===== Data

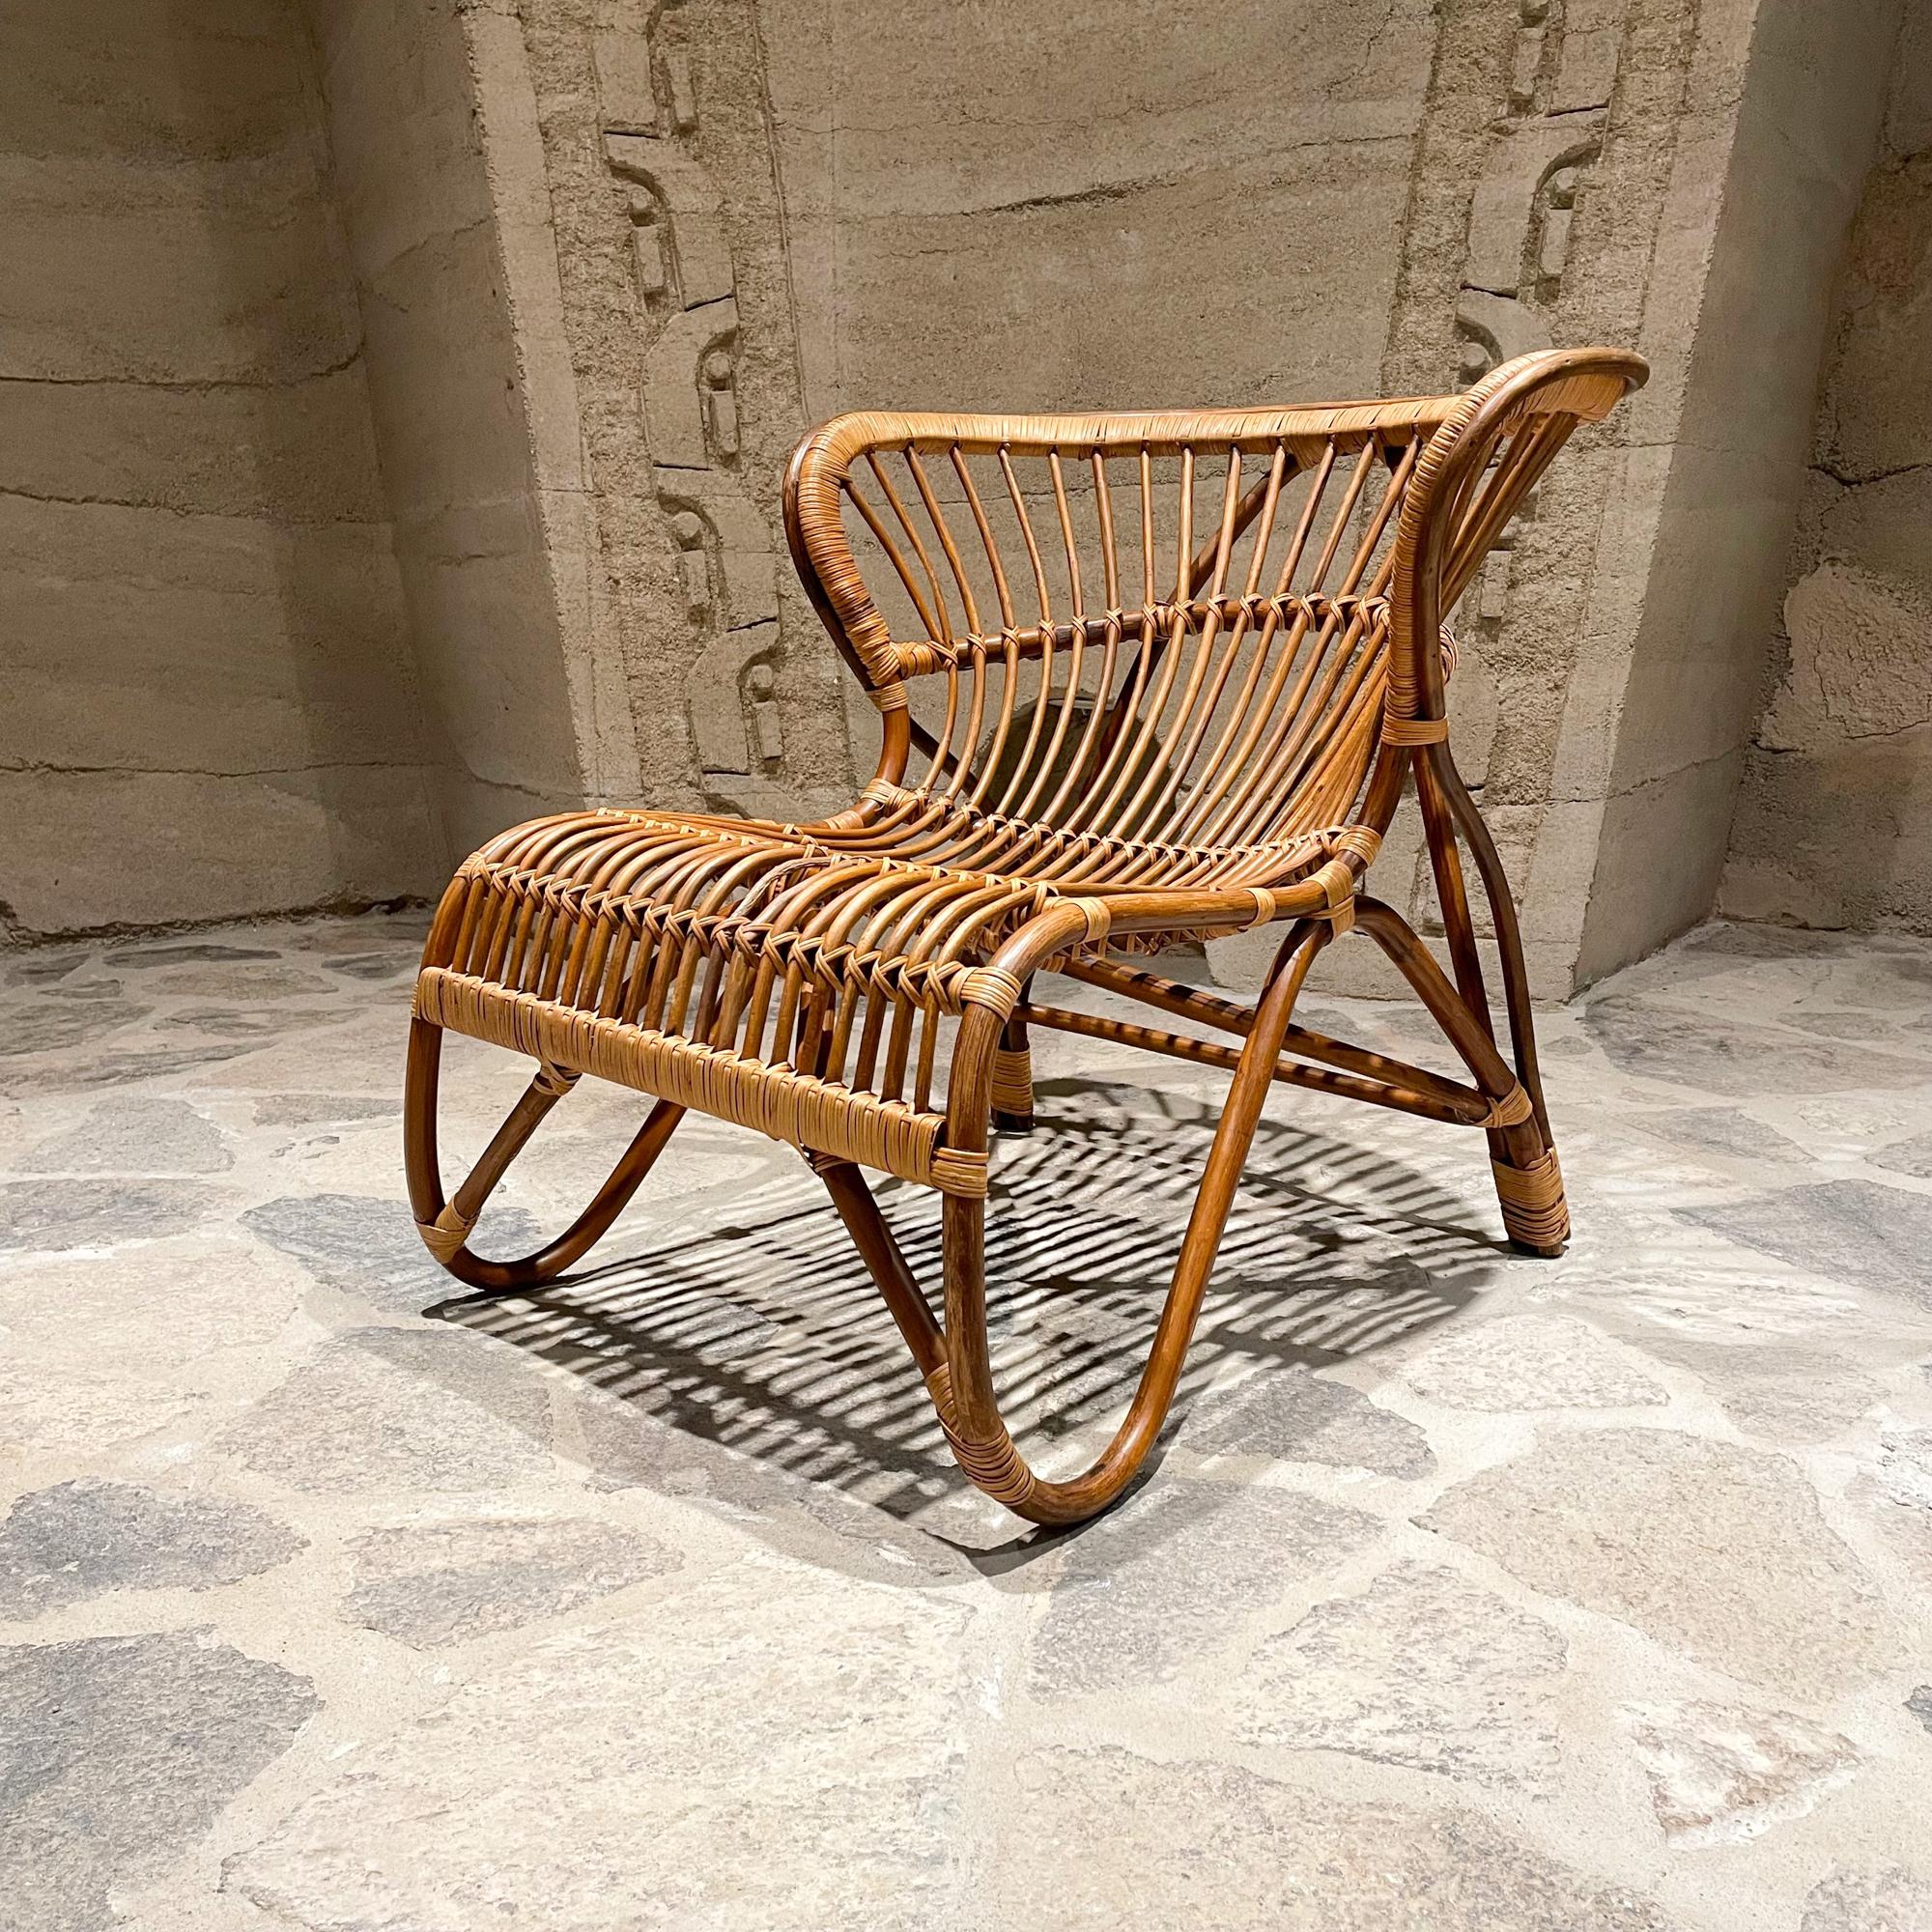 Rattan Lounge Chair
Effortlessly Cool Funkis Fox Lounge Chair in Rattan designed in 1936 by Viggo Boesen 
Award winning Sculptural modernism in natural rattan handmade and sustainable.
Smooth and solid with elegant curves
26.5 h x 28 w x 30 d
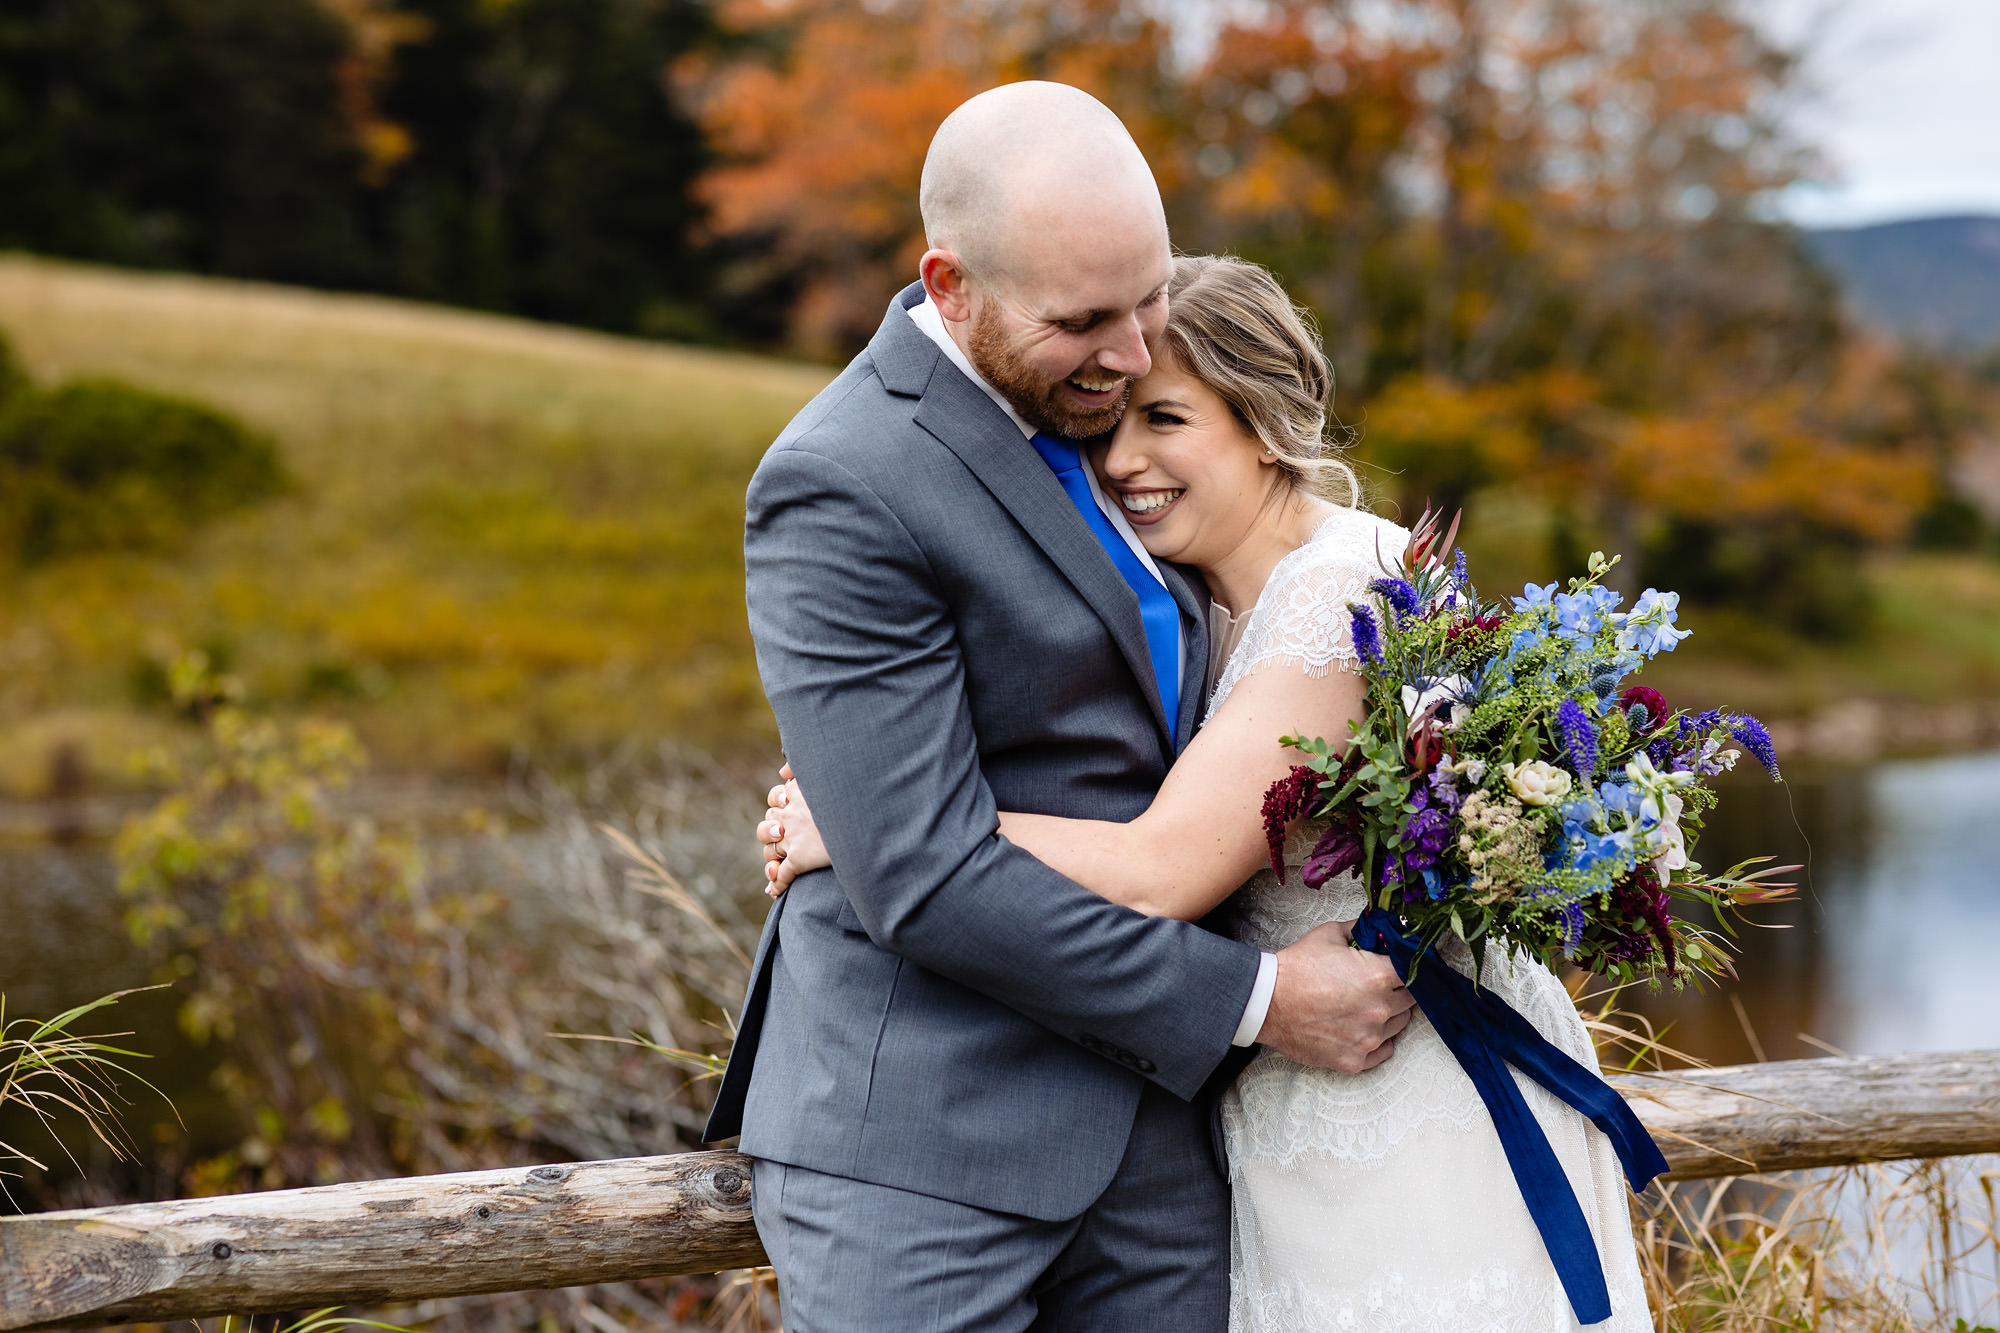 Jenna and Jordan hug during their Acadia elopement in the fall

==========

# Work to be completed
Every line of the data above should be repeated exactly. Omit the pictures.

# Exercise solution
 Rattan Lounge Chair
Effortlessly Cool Funkis Fox Lounge Chair in Rattan designed in 1936 by Viggo Boesen 
Award winning Sculptural modernism in natural rattan handmade and sustainable.
Smooth and solid with elegant curves
26.5 h x 28 w x 30 d
 Jenna and Jordan hug during their Acadia elopement in the fall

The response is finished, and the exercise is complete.